PLoS has published a cross-journal special collection on Genomics of Emerging Infectious Diseases last week. Perhaps unsurprisingly, I had a look at the article about limitations of and challenges for the computational resources by Berglund, Nystedt, and Andersson . It reads quite like the one about computational problems for metagenomics I wrote about earlier (here and here), but they have a somewhat curious request in the closing section of the paper.
Concerning the overall contents of the paper and its similarity with the computational aspects of metagenomics, the computational aspects of complete genome assembly is still not quite sorted out fully, and in particular the need “for better ways to integrate data from diverse sources, including shotgun sequencing, paired-end sequencing, [and more]…” and a quality scoring standard. The other major one is the recurring topic is the hard work of annotation to give meaning to the data. Then there are the requests for better, and 3D, visualizations of the data and the cross-granular analysis of data along the omics trail and at different scales.
Limitations and challenges that are more specific to this subject domain are the classification and risk assessments for the emergence of novel infectious strains and risk prediction software for disease outbreaks. In addition, they put a higher importance put on the request for supporting tools to figure out the evolutionary aspects of the sequences and how the pieces of DNA have recombined, including how and from where they have horizontally transferred.
In the closing section, the authors reiterate that
To achieve these goals, investments in user-friendly software and improved visualization tools, along with excellent expertise in computational biology, will be of utmost importance.
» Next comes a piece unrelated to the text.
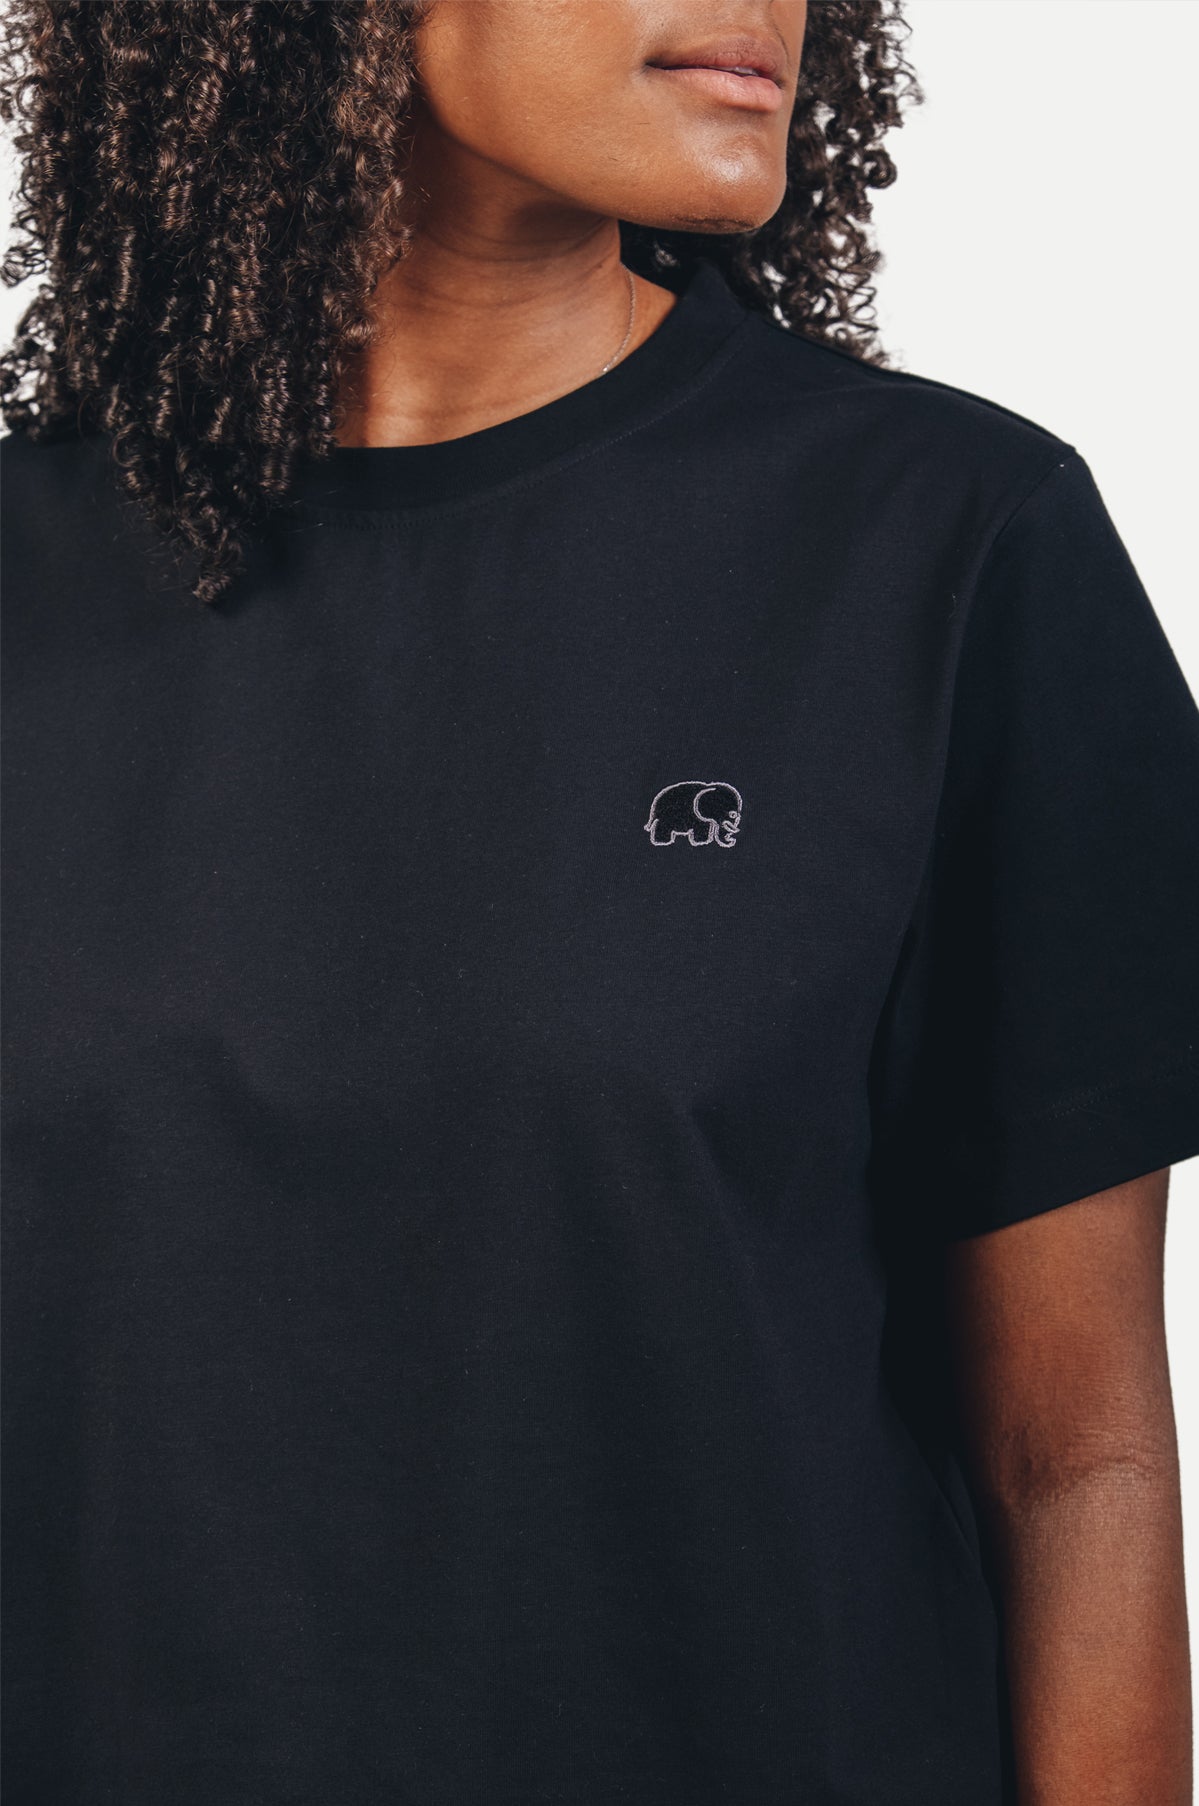 Women's Organic Essential T-Shirt Black

I fancy the thought that our WONDER system for the HGT-DB for, in particular, graphical querying meets the first requirement—at least as proof of concept that one can construct an arbitrary query graphically using an ontology and all that in a web browser. Having said that, I am also aware of the authors’ complaint that
Currently, the slow transition from a scientific in-house program to the distribution of a stable and efficient software package is a major bottleneck in scientific knowledge sharing, preventing efficient progress in all areas of computational biology. Efforts to design, share, and improve software must receive increased funding, practical support, and, not the least, scientific impact.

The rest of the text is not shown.